**What you are asked to do**
Your copy should start at the line with "Socks Women Soft" and end at the line with "Decor with Shelves" in the data below. Transcribe only those lines, exactly, pictures excluded.

**Task input**

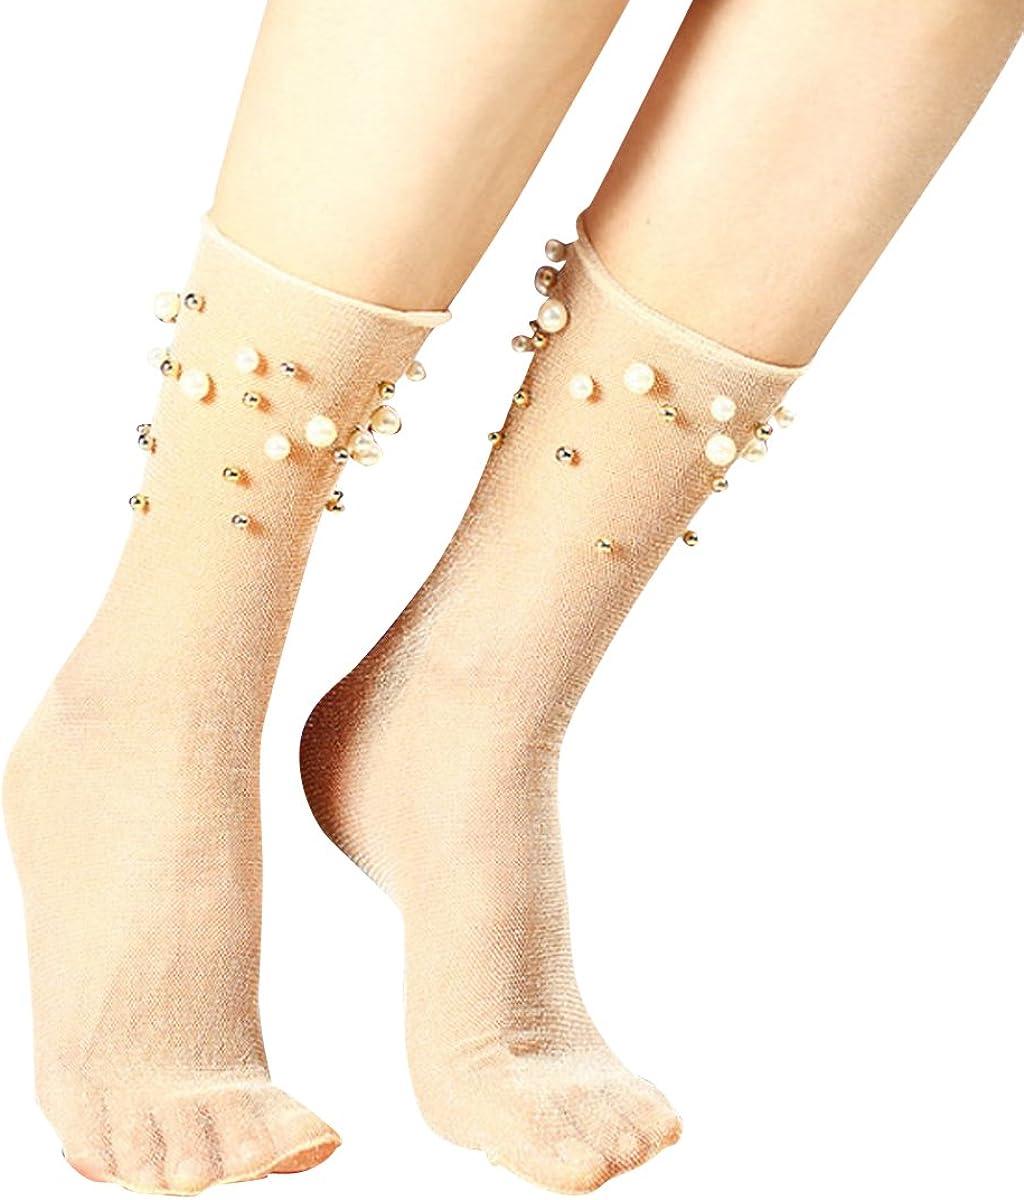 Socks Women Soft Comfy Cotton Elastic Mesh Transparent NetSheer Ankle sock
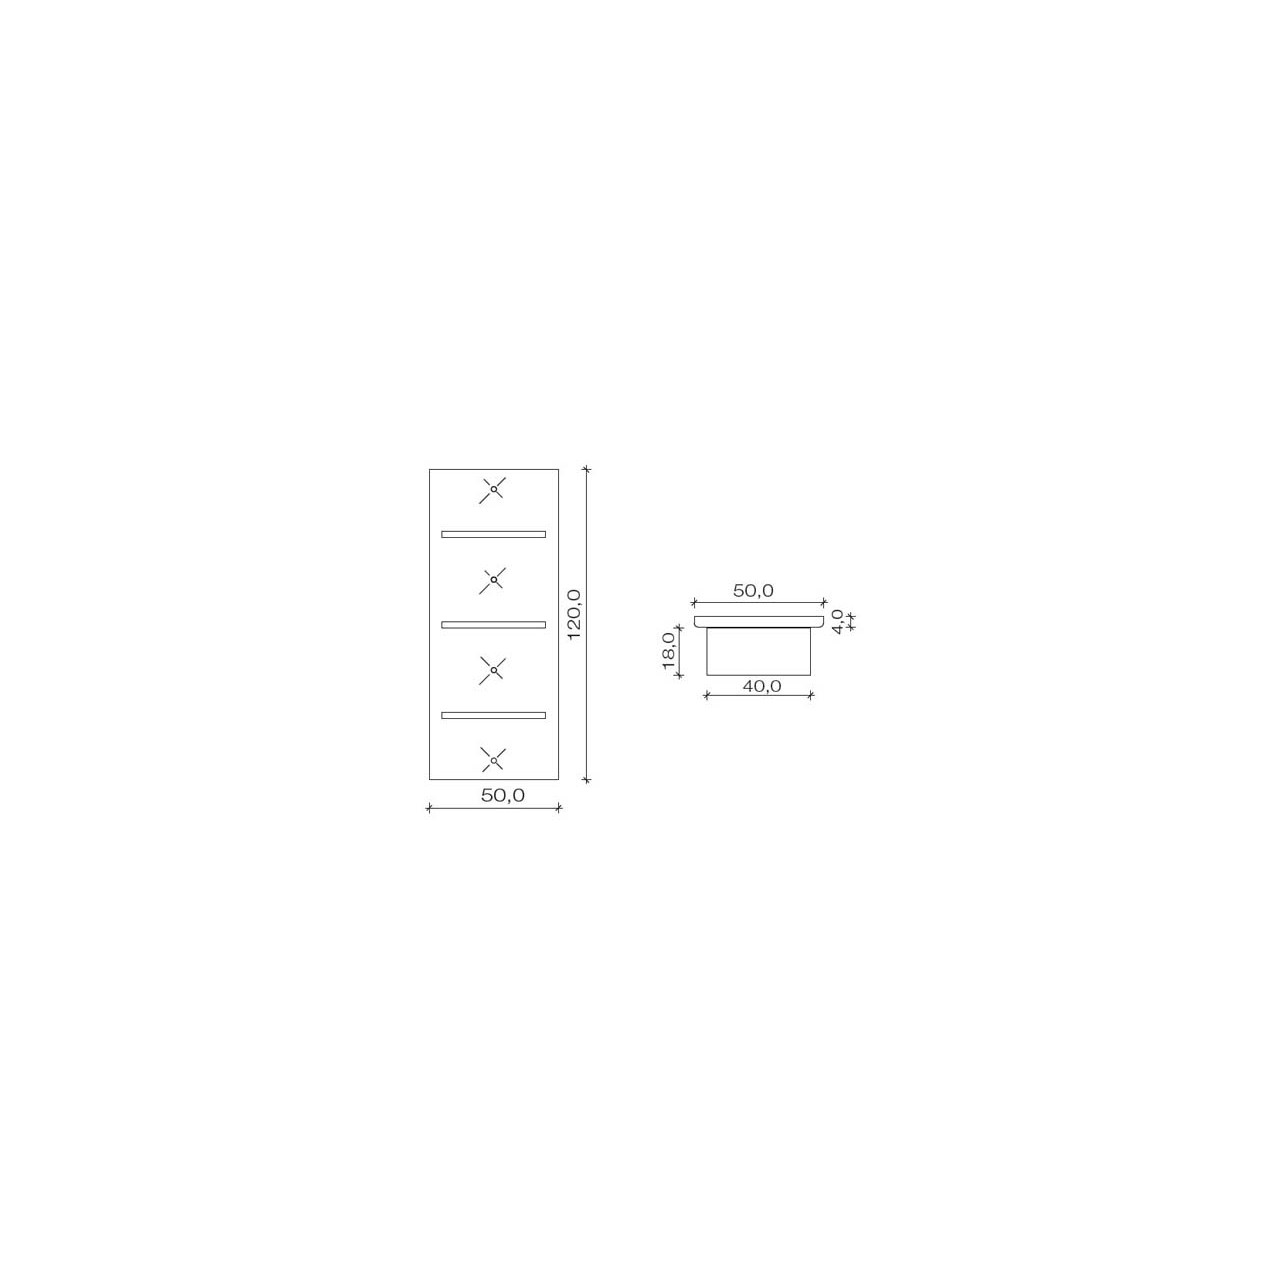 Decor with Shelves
* * *
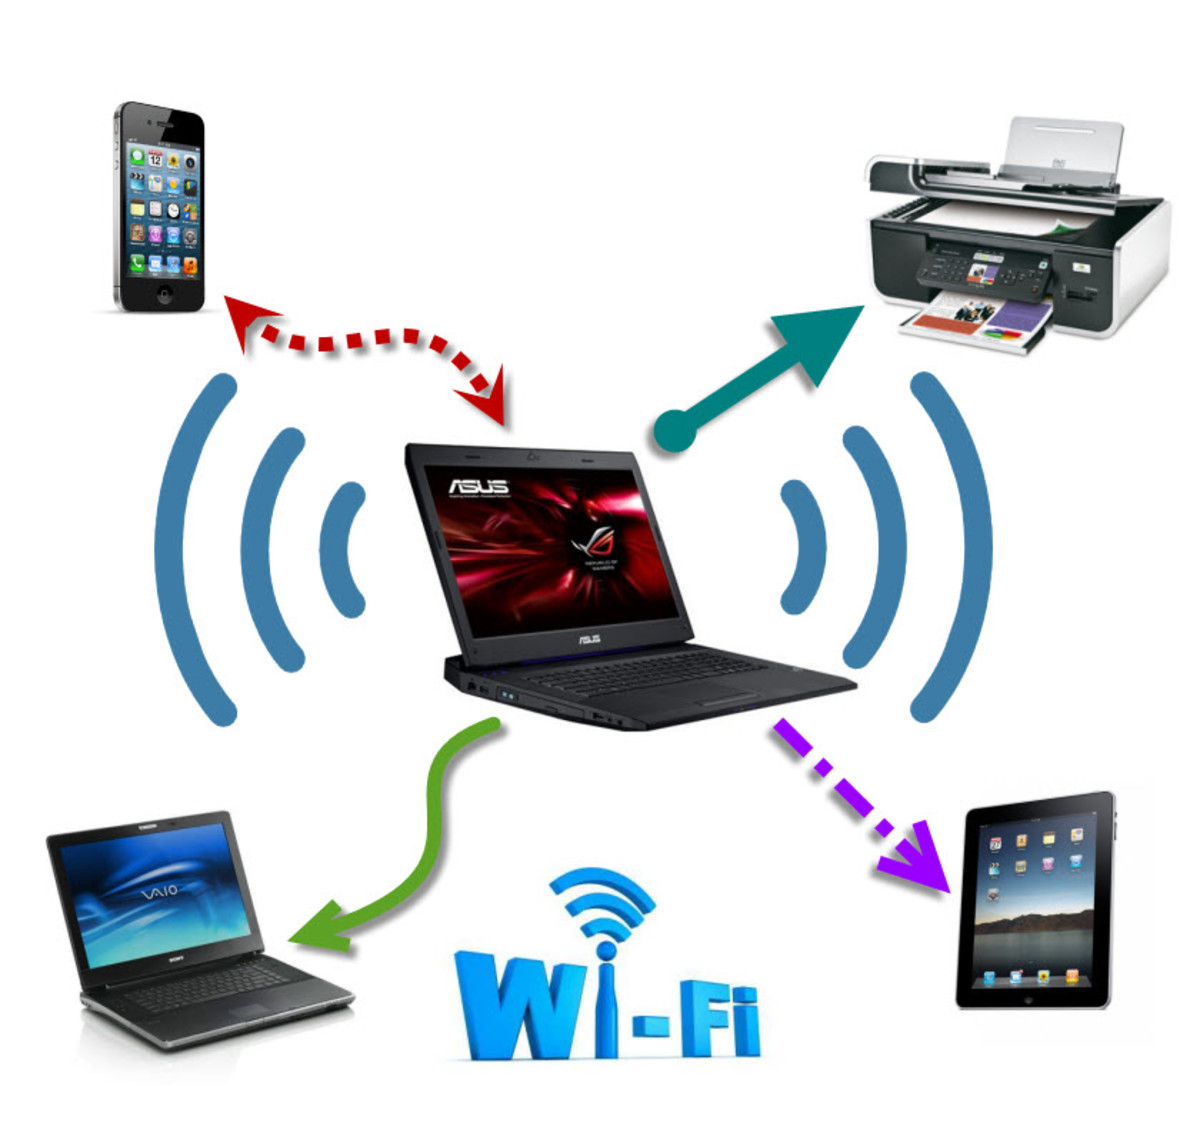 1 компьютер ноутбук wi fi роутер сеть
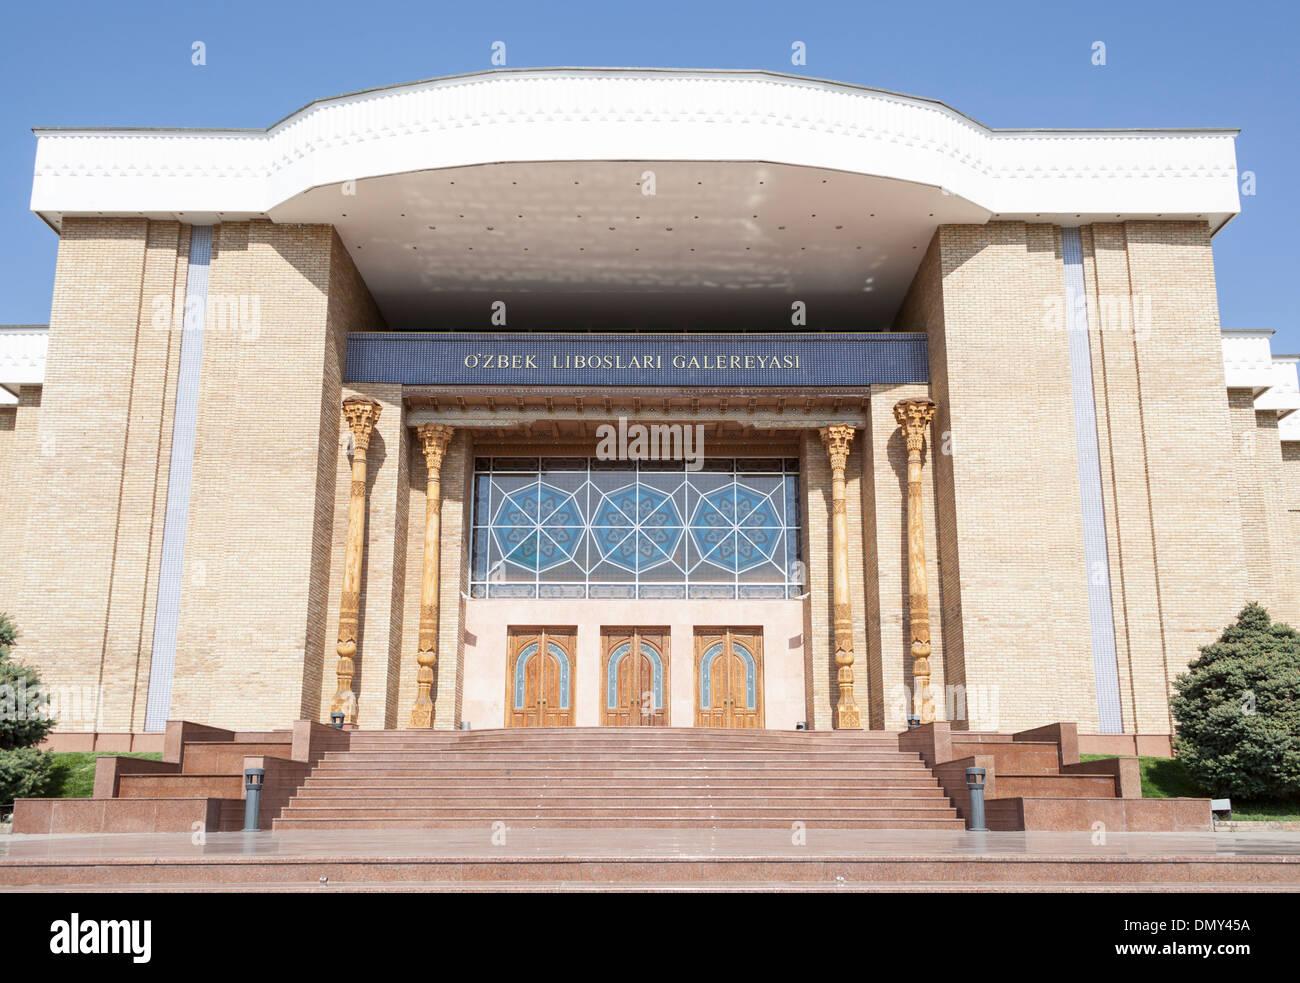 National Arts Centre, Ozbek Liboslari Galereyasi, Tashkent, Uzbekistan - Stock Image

**Solution to the problem**
 Socks Women Soft Comfy Cotton Elastic Mesh Transparent NetSheer Ankle sock
 Decor with Shelves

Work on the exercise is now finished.